Britain is dealing with an unprecedented terrorist threat which has seen MI5 and police disrupt five terror plots in the past two months alone, a senior Whitehall source has said.
The threat from Islamist jihadists intent on committing attacks in the Britain is so high that the security services are currently running 500 active investigations looking at some 3000 potential suspects.
Counter terrorism officials yesterday sought to disclose the scale of the menace as MI5 and police faced accusations they had missed chances to stop the Manchester bomber when he was repeatedly flagged to authorities as a danger.
Family, friends and the local community are understood to have informed the authorities of the danger posed by Salman Abedi on at least five separate occasions before he blew himself up at a Manchester Arena pop concert on Tuesday, killing 22 people.
As the country remained on its highest terror alert for a decade, it was announced armed transport police would patrol trains for the first time.
With the public urged to be vigilant, police were called to a string of false alarms.
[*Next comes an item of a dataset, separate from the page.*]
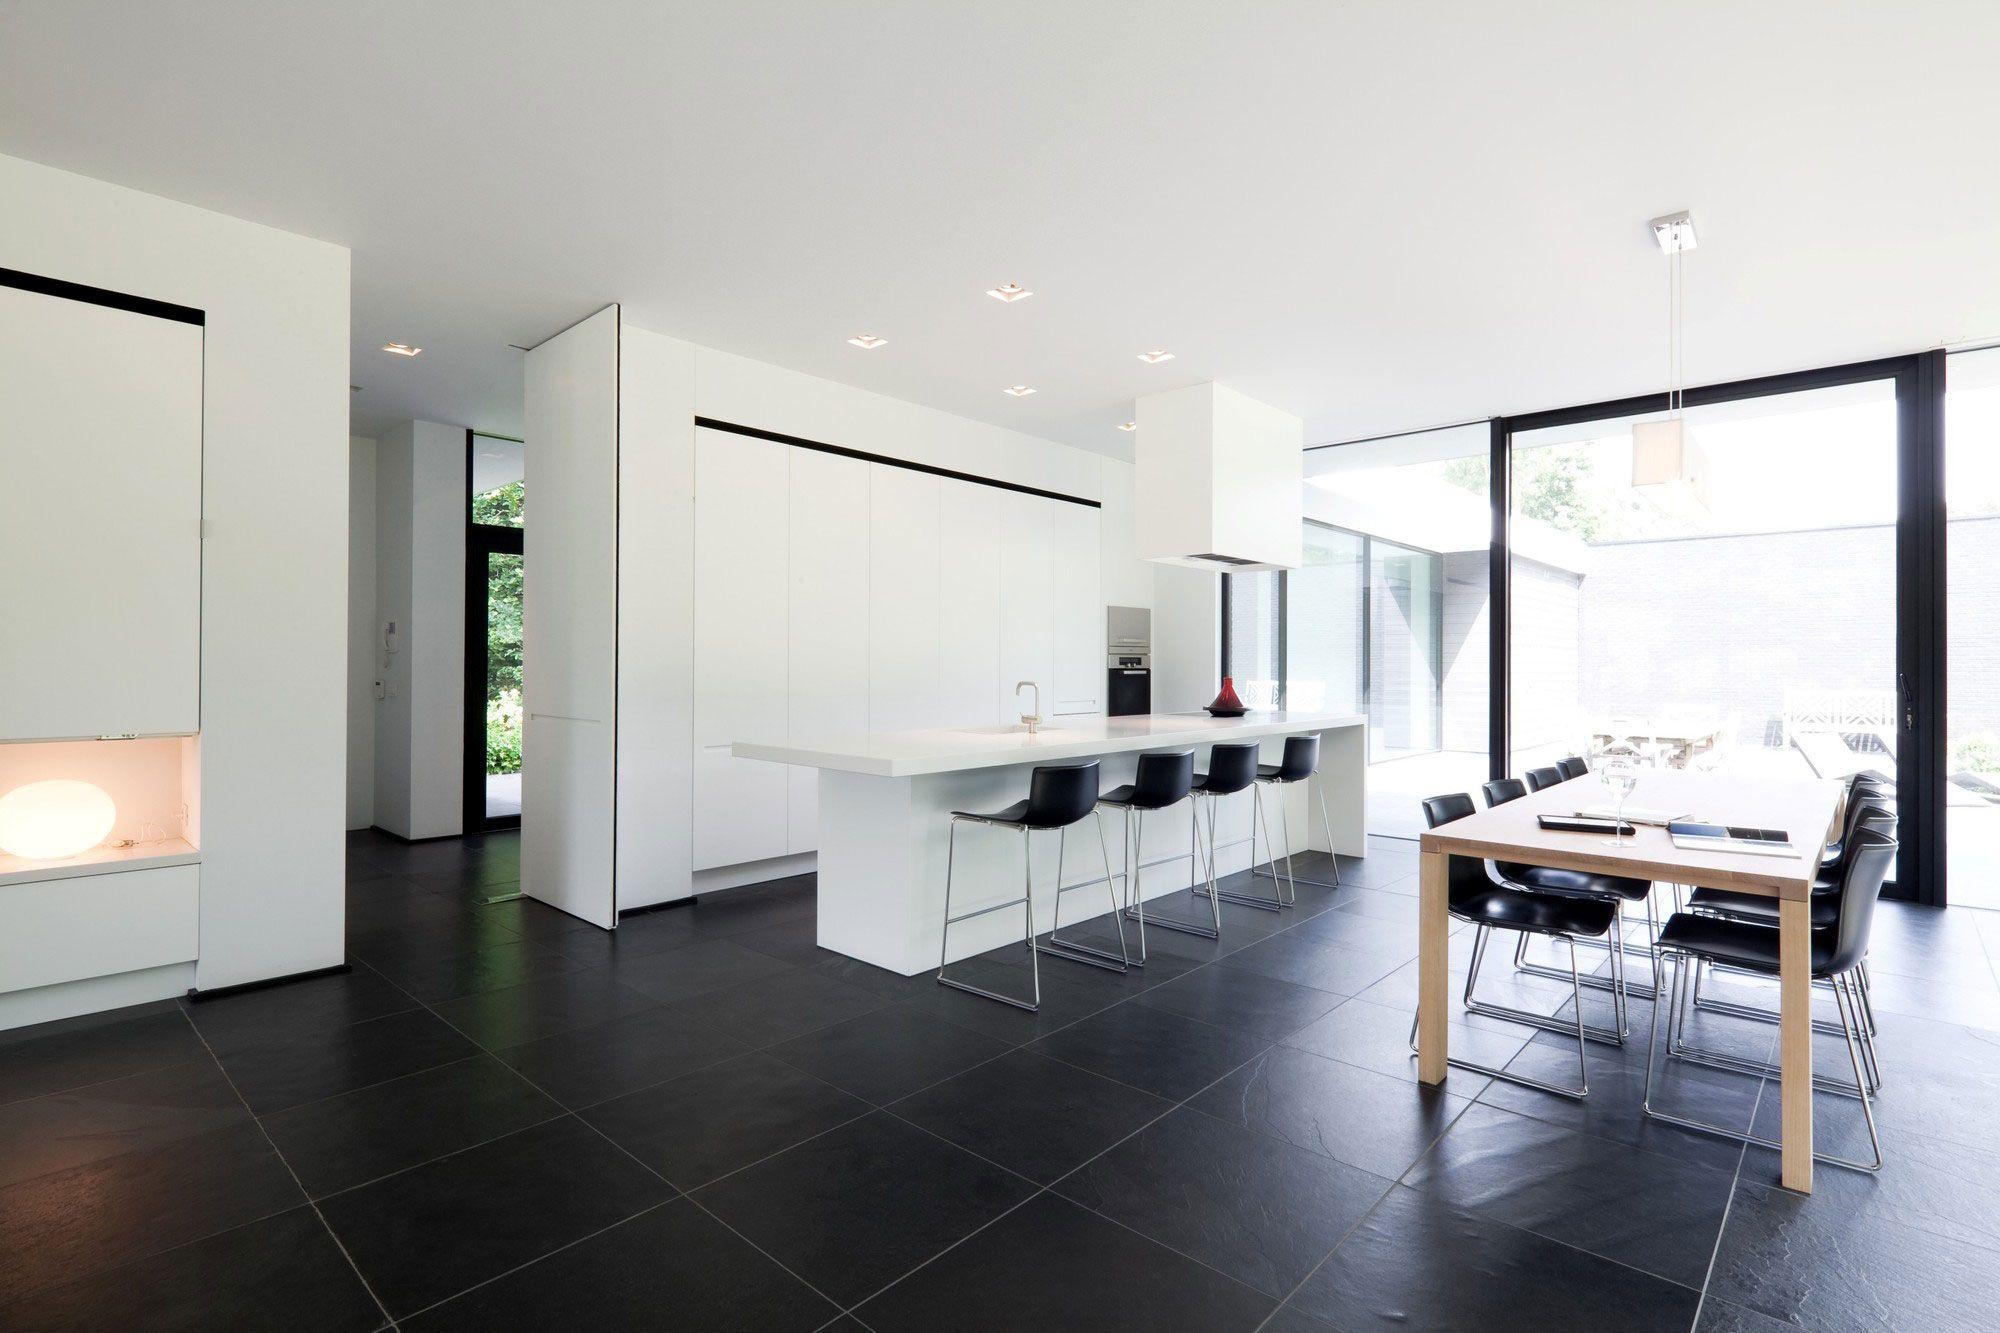 House House Faes by HVH Architecten

Bomb squad officers were called to a school in Manchester, while Westminster Bridge and a shopping centre in Newport were both closed because of suspicious cars and Swansea magistrates' court was evacuated over a suspect package.
The threat from battle-hardened jihadists returning from Iraq and Syria and the peril of online radicalisation are contributing to the highest threat seen in decades.
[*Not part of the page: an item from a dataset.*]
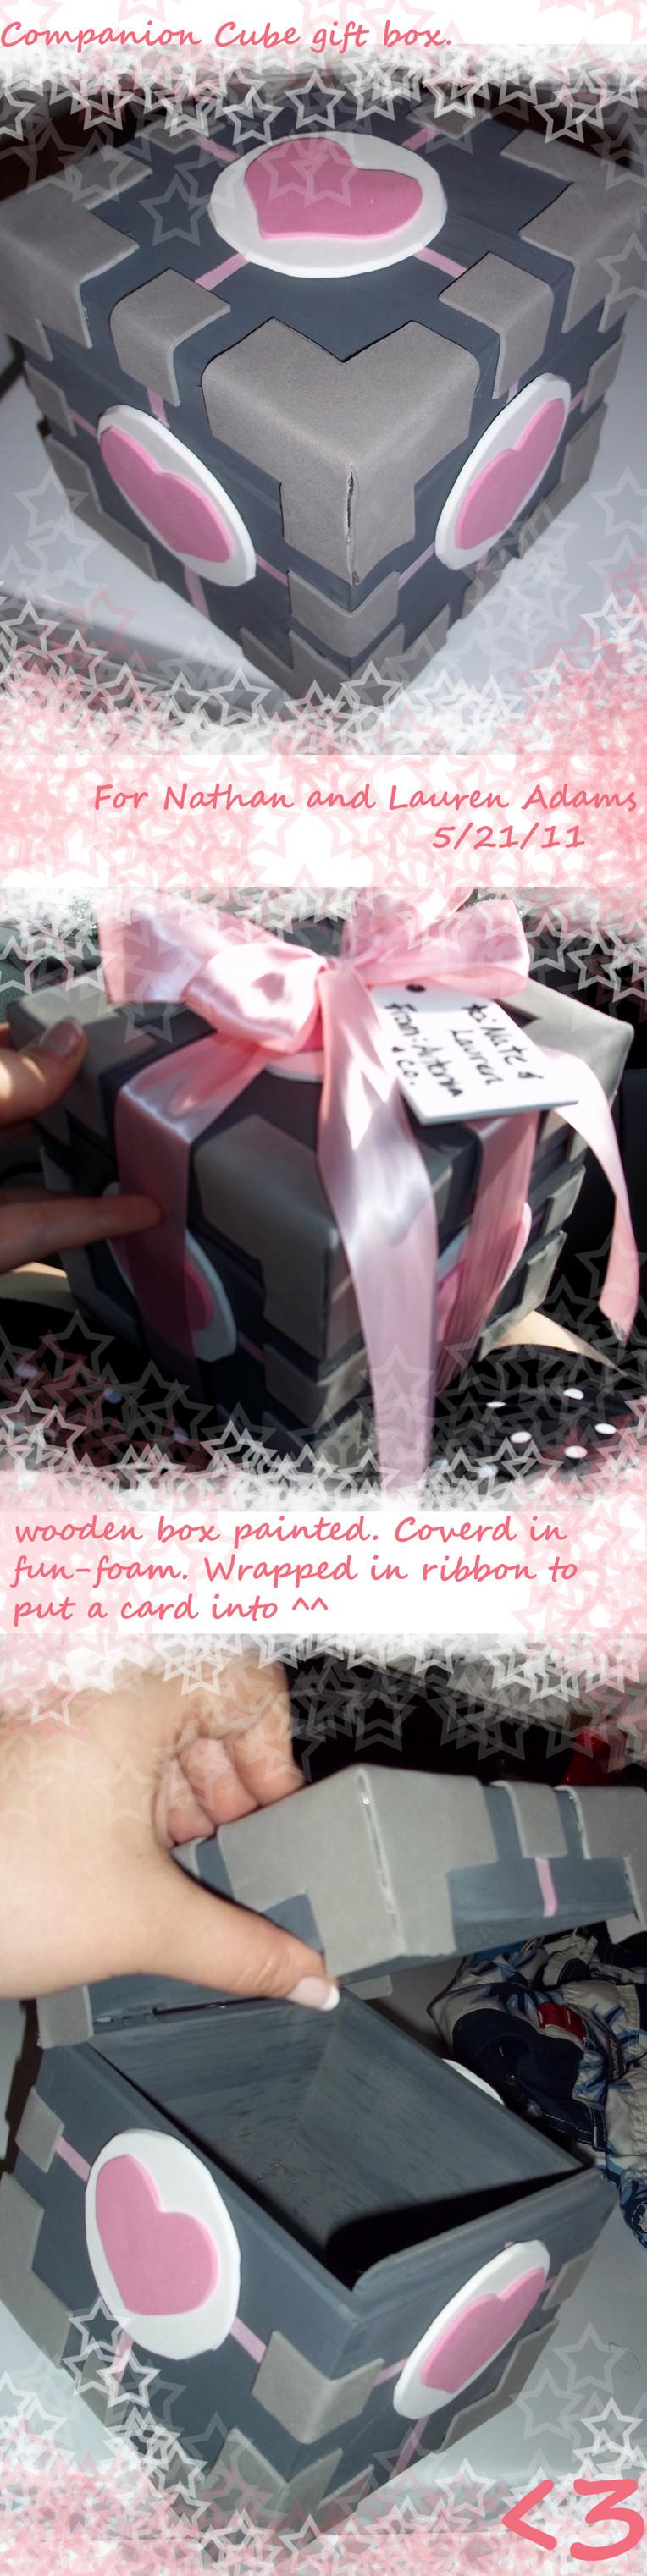 companion cube gift box. by AceroTiburon

A total of 18 plots have been uncovered since 2013, including five in the two months since Khalid Masood killed four people during a car and knife rampage in Westminster.
The source said: "Abedi was one of a larger pool of former subjects of interest whose risk remained subject to review by MI5 and its partners."
The source said where former subjects of interest seemed to show a risk of heading back into terrorism "MI5 can consider re-opening the investigation, but this process inevitably relies on difficult professional judgements based on partial information".
A terror attack in Britain is expected imminently after the threat level was raised to critical in the wake of Tuesday's attack. The question of whether counter-terrorism forces have enough funding or resources for the fight against terrorism is now likely to become a general election issue.
One former senior security figure said: "Knowing of someone's radical sympathies and knowing they present a real and present danger are very different things.
"So the essence of the security dilemma is triage, how to assess who and when to investigate very deeply given the resources needed for 24/7 surveillance. For every suspect that appears to be high priority another has to be pushed down the list.
"So who not to investigate urgently is as important a decision as who might be worth investigating."
Shashank Joshi, senior research fellow at security think tank the Royal United Services Institute, said: "It's easy, with the benefit of hindsight, to argue that these warnings were opportunities to stop the bomber.
"However, it's also possible that these warnings were followed up, surveillance was conducted, and nothing was discovered.
"Authorities cannot keep monitoring a suspect indefinitely, given limited resources. There may, however, be questions over his travel to Libya, Germany, and perhaps Syria, and his ease of return to the UK afterwards. "It may point to weaknesses in the system of monitoring onward travel, especially as the number of UK nationals visiting Libya is likely to be fairly small."
About 1000 troops remained on the streets after the Government invoked the Operation Temperer contingency plan allowing police to call on military support.
Soldiers taking up guard duty at nuclear installations, high-profile sites and large public events are freeing up armed police to carry out counterterrorism patrols.
However David Blunkett, a former Home Secretary, said he had had reservations about authorising their use in 2003 in response to concerns about al-Qaeda. He told the BBC: "You should use military personnel very sparingly indeed in a democracy.
"If there is an insurgency and therefore you know that people are at risk then of course you would use the military but it is only in very rare circumstance that you would even backfill.
"I have no problem with the military outside Buckingham Palace. I would have considerable problems if the military were used, for example, this weekend at Wembley."